Option 2: Manual Setup

Backend

cd backend

# Create virtual environment
python -m venv .venv
source .venv/bin/activate   # Windows: .venv\Scripts\activate

# Install dependencies
pip install -e ".[dev]"

# Configure environment
cp .env.example .env
# Edit .env and set OPENAI_API_KEY

# Run the API server
uvicorn app.main:app --reload --port 8000

Frontend

cd frontend
npm install
npm run dev
# Open http://localhost:5173

API Reference

Method	Endpoint	Description
`GET`	`/health`	Health check
`POST`	`/api/documents/upload`	Upload a PDF or TXT file
`GET`	`/api/documents`	List all uploaded documents
`DELETE`	`/api/documents/{id}`	Delete a document and its vectors
`POST`	`/api/query`	Stream an answer (SSE) for a question

Full interactive docs available at http://localhost:8000/docs when the backend is running.

Architecture

┌─────────────────────────────────────────────────────────────┐
│                        Browser                              │
│  ┌──────────────────┐          ┌────────────────────────┐   │
│  │   Upload Panel   │          │      Chat Panel        │   │
│  │   (drag & drop)  │          │  (SSE streaming chat)  │   │
│  └────────┬─────────┘          └──────────┬─────────────┘   │
│           │ multipart/form-data            │ POST /api/query │
└───────────┼────────────────────────────────┼─────────────────┘
            │                                │
            ▼                                ▼
┌─────────────────────────────────────────────────────────────┐
│                   FastAPI Backend (Python)                   │
│                                                             │
│  POST /api/documents/upload        POST /api/query          │
│         │                                 │                 │
│         ▼                                 ▼                 │
│  ┌─────────────┐                  ┌──────────────┐          │
│  │  embeddings │                  │  vectorstore │          │
│  │  .py        │                  │  .search()   │          │
│  │ (PyPDF /    │                  └──────┬───────┘          │
│  │  TextLoader)│                         │ top-k chunks     │
│  │ text_split  │                         ▼                  │
│  └──────┬──────┘                  ┌──────────────┐          │
│         │ chunks                  │  rag.py      │          │
│         ▼                         │ (LangChain + │          │
│  ┌─────────────┐                  │  gpt-4o-mini)│          │
│  │  ChromaDB   │◄─────────────────│  astream()   │          │
│  │  (persist)  │  embed_query     └──────┬───────┘          │
│  └─────────────┘                         │ SSE tokens       │
│                                          ▼                  │
│                                   StreamingResponse         │
└─────────────────────────────────────────────────────────────┘
            │
            ▼
     OpenAI API (embeddings + chat)

How RAG Works

Ingest — When you upload a document, it is split into overlapping text chunks. Each chunk is converted into a vector embedding using OpenAI's embedding model and stored in ChromaDB.
Retrieve — When you ask a question, your question is also embedded. The system performs a cosine-similarity search to find the top-k most relevant chunks from your documents.
Generate — The retrieved chunks are assembled into a context prompt and sent to GPT-4o-mini along with your question. The model streams back an answer grounded only in that context, and the source chunks are returned alongside the answer.

Development

Run Tests

cd backend
pytest -v

Run Tests with Coverage

cd backend
pytest --cov=app --cov-report=term-missing -v

Lint and Format

cd backend
ruff check .
ruff format .

Frontend Dev Server

cd frontend
npm run dev

Frontend Production Build

cd frontend
npm run build
# Output in frontend/dist/

Deployment

Docker Image (GHCR)

The docker-publish.yml workflow automatically builds and pushes a multi-arch (amd64 + arm64) Docker image to GitHub Container Registry on every push to main.
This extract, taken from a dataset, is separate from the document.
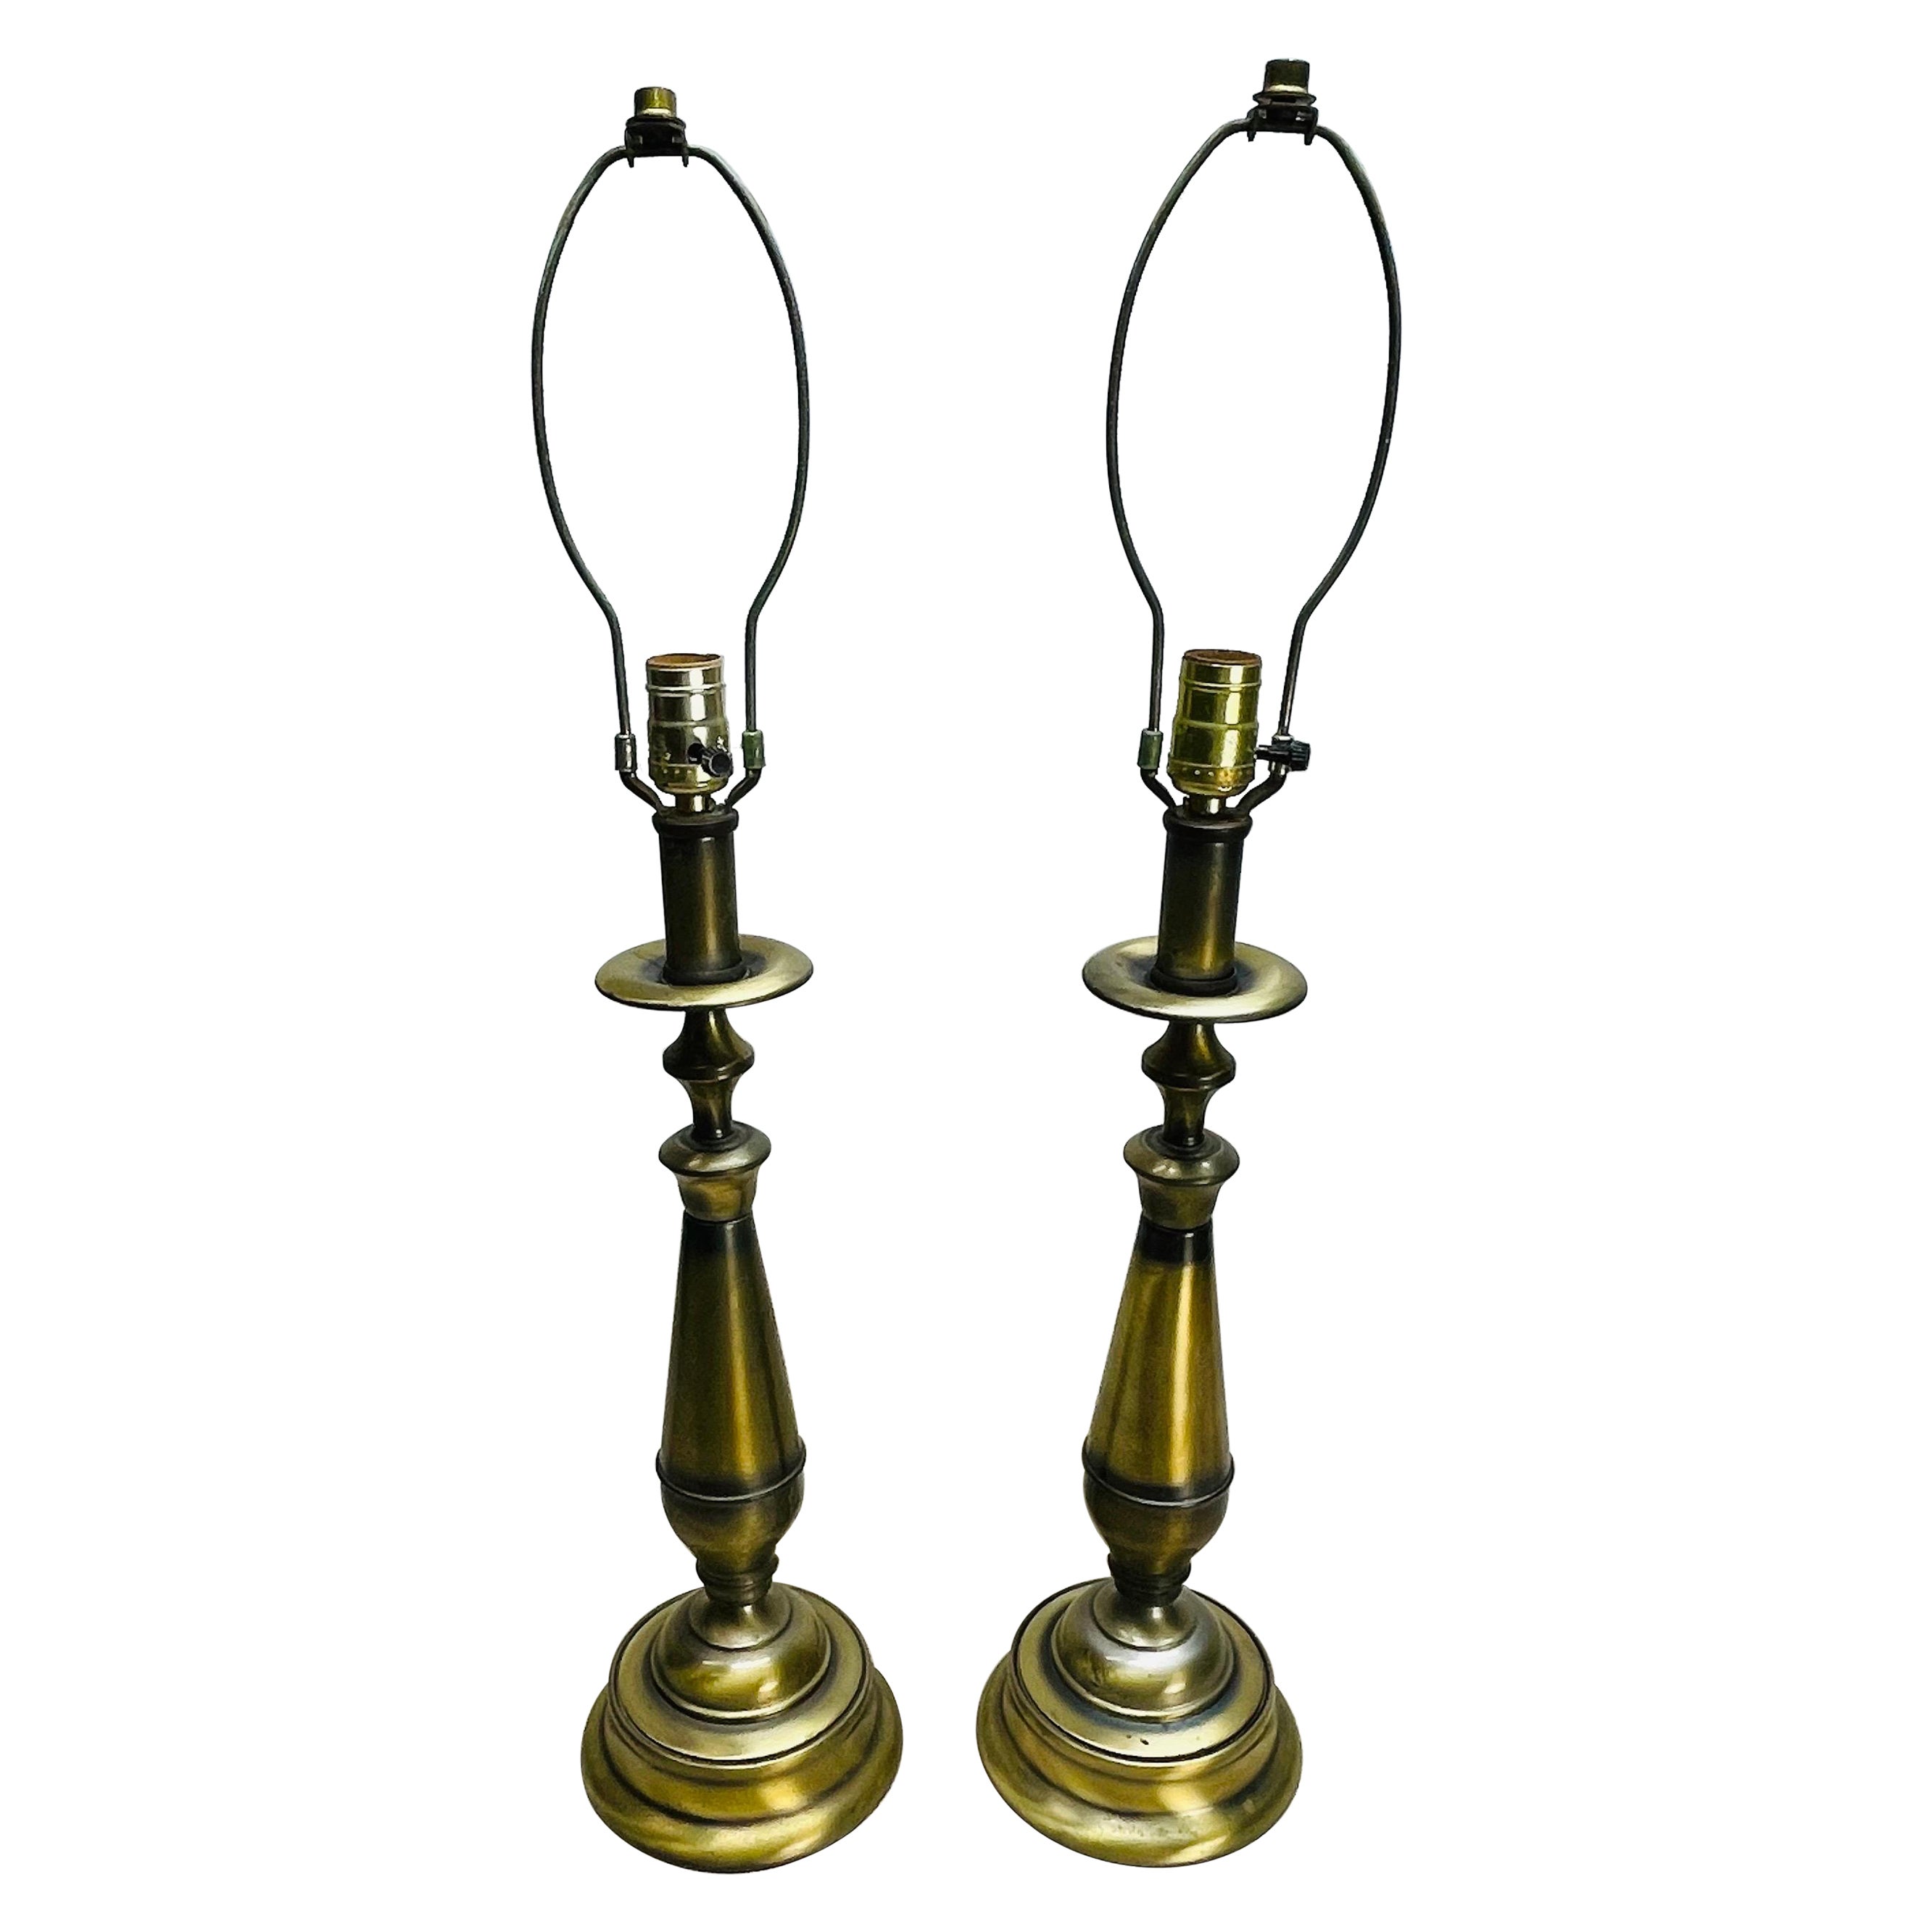 1960s Brushed Brass Table Lamps, Pair

docker pull ghcr.io/plasmacat420/rag-knowledge-base-backend:latest

GitHub Pages (Frontend)

The pages.yml workflow builds the React app and deploys it to GitHub Pages on every push to main. The VITE_API_URL is set to an empty string so you can configure a reverse proxy or update it to your backend URL.

Production Stack

# Copy and configure production env
cp backend/.env.example .env
# Edit .env with production values

# Pull and start
docker compose -f docker-compose.prod.yml up -d

License

MIT License — see LICENSE for details.

Name		Name	Last commit message	Last commit date
Latest commit History 4 Commits
.github/workflows		.github/workflows
backend		backend
frontend		frontend
.gitignore		.gitignore
README.md		README.md
docker-compose.prod.yml		docker-compose.prod.yml
docker-compose.yml		docker-compose.yml
nginx.conf		nginx.conf

Provide feedback

Saved searches

Use saved searches to filter your results more quickly

Repository files navigation

RAG Knowledge Base

What is RAG?

Screenshots

Features

Quick Start

Option 1: Docker Compose (recommended)

Option 2: Manual Setup

API Reference

Architecture

How RAG Works

Development

Run Tests

Run Tests with Coverage

Lint and Format

Frontend Dev Server

Frontend Production Build

Deployment

Docker Image (GHCR)

GitHub Pages (Frontend)

Production Stack

License

About

Uh oh!

Releases

Packages

Uh oh!

Contributors

Uh oh!

Languages

Folders and files

Latest commit

History

Repository files navigation

RAG Knowledge Base

What is RAG?

Screenshots

Features

Quick Start

Option 1: Docker Compose (recommended)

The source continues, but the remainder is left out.